**Requirement:** Repeat the data exactly. Pictures are not part of the copy.

**Given data:**

——

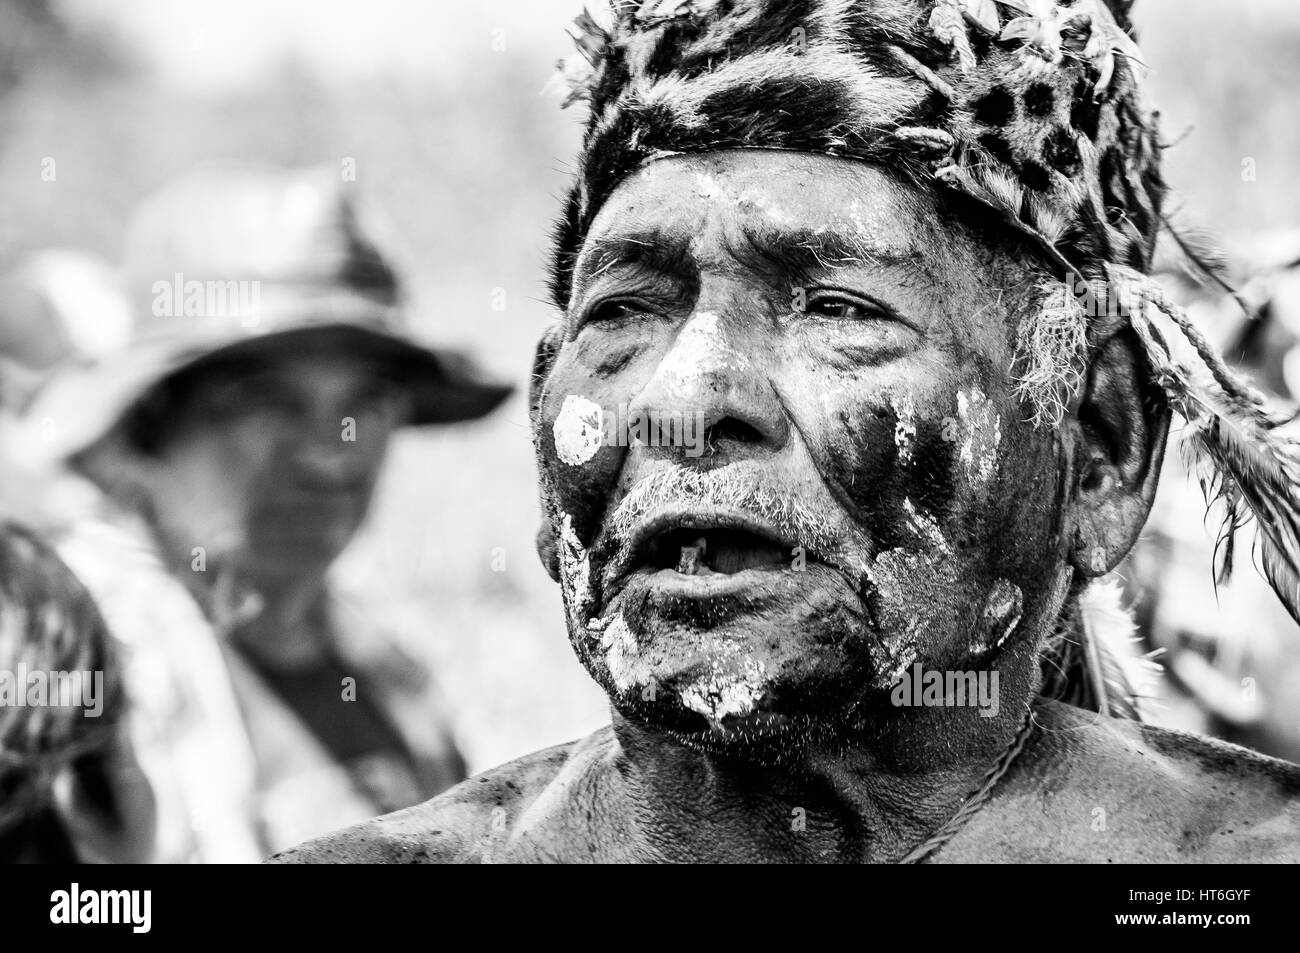 Puerto Pollo, Paraguay on August 8, 2015: Old Paraguayan indigenous man with face paintings from the Yshir tribe at a traditional ceremony Stock Photo
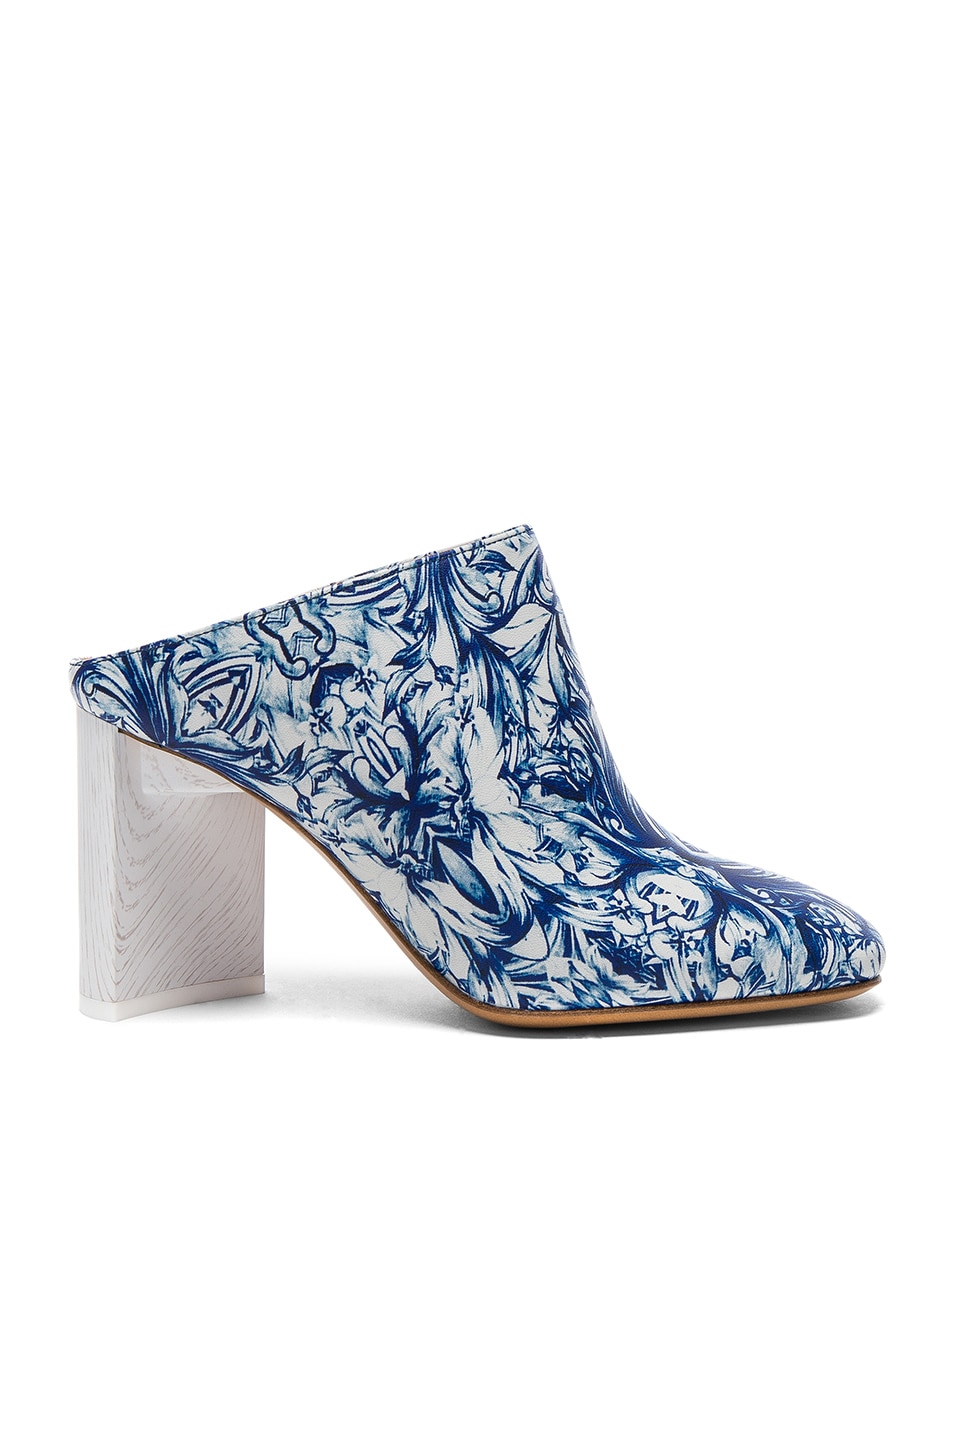 Image 1 of Maison Margiela Printed Leather Mules in Unique Variant
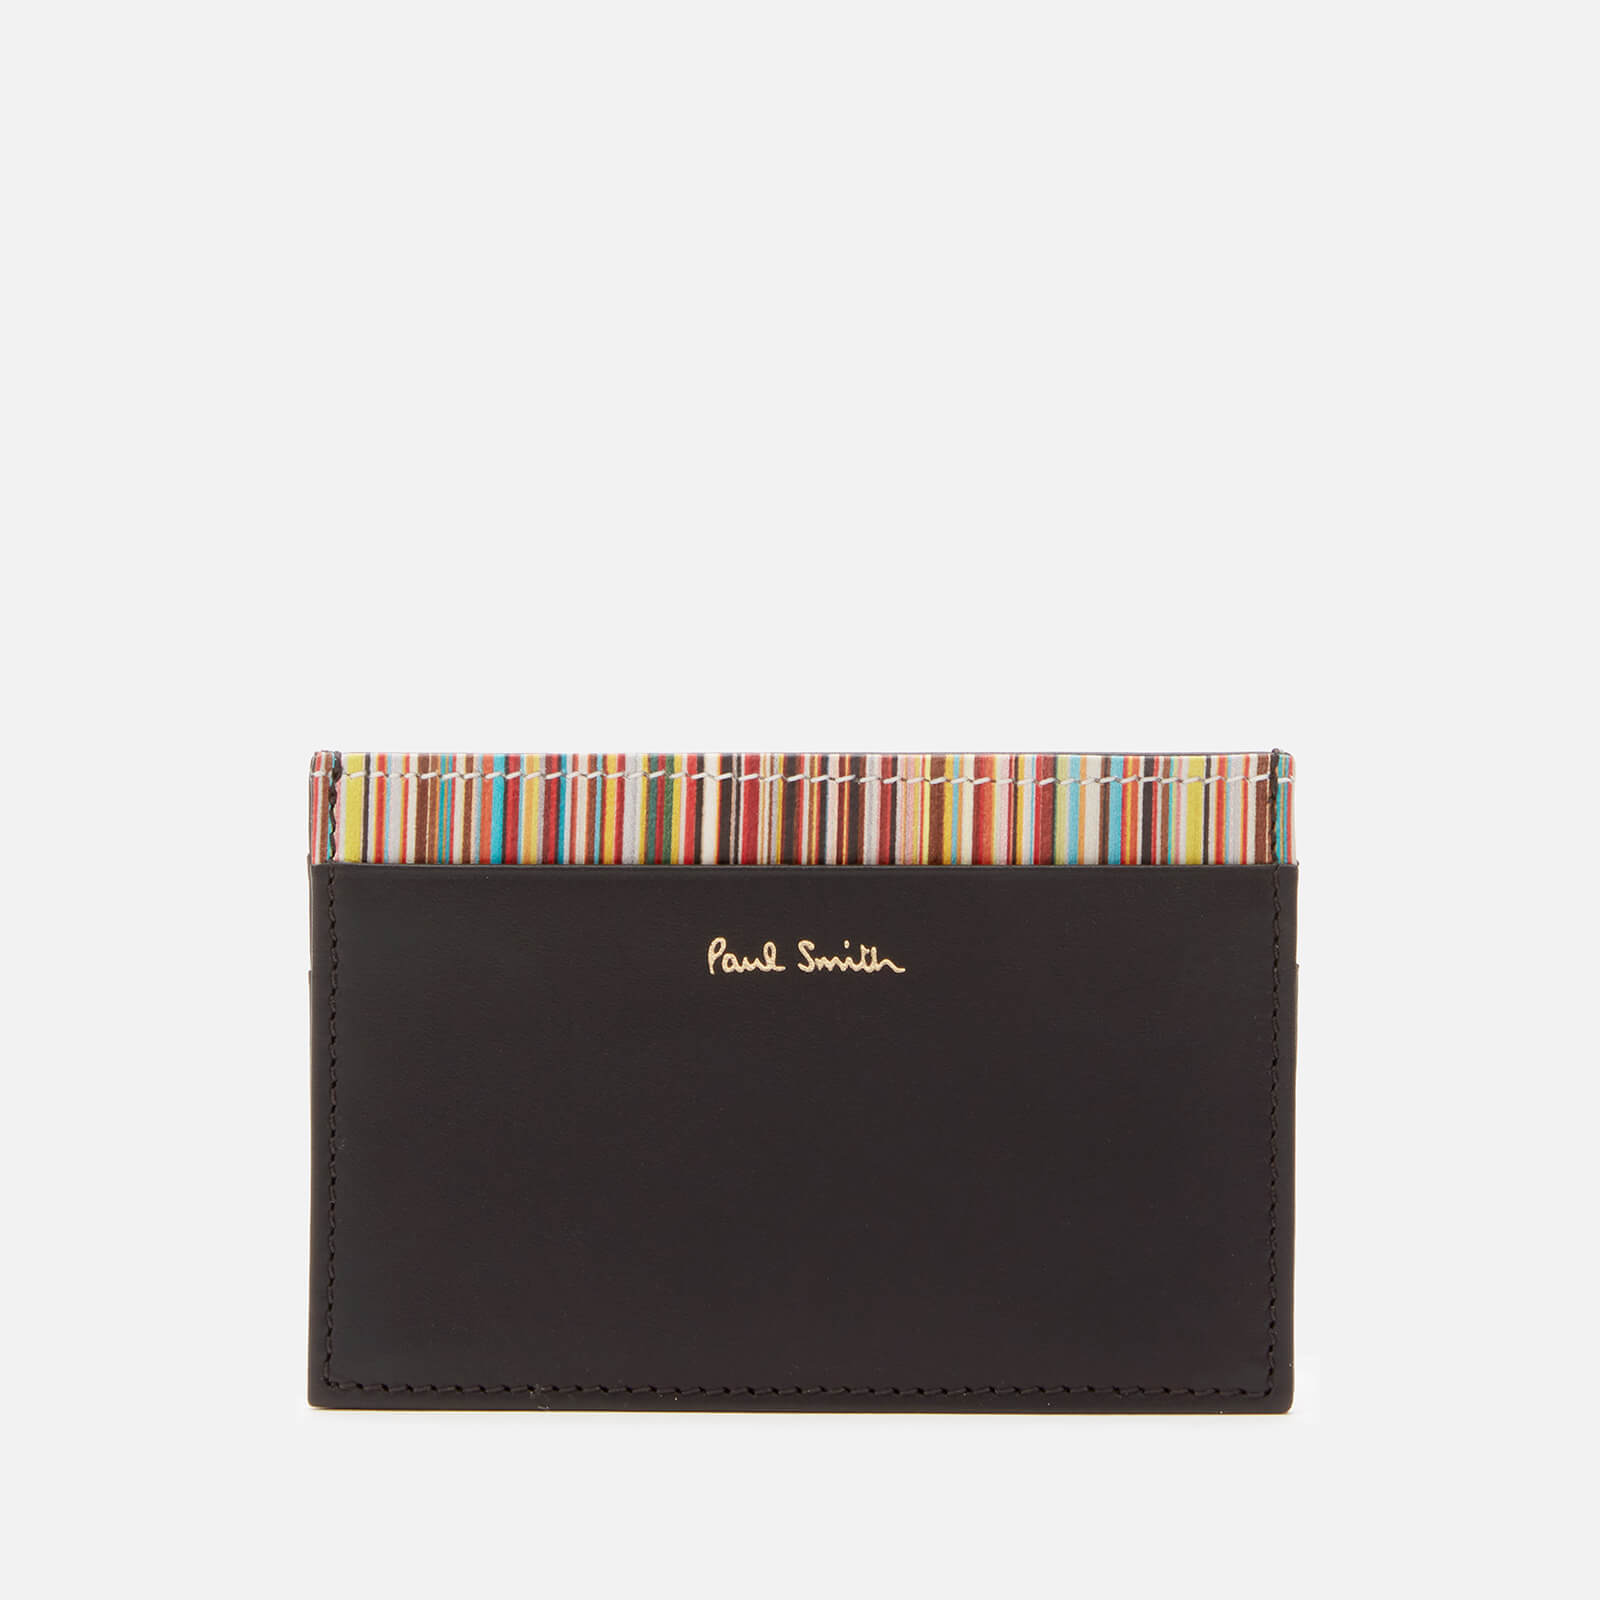 PS by Paul Smith Men's Signature Stripe Trim Leather Credit Card Holder - Black

——

**Solution for this task:**
 Puerto Pollo, Paraguay on August 8, 2015: Old Paraguayan indigenous man with face paintings from the Yshir tribe at a traditional ceremony Stock Photo
 Image 1 of Maison Margiela Printed Leather Mules in Unique Variant
 PS by Paul Smith Men's Signature Stripe Trim Leather Credit Card Holder - Black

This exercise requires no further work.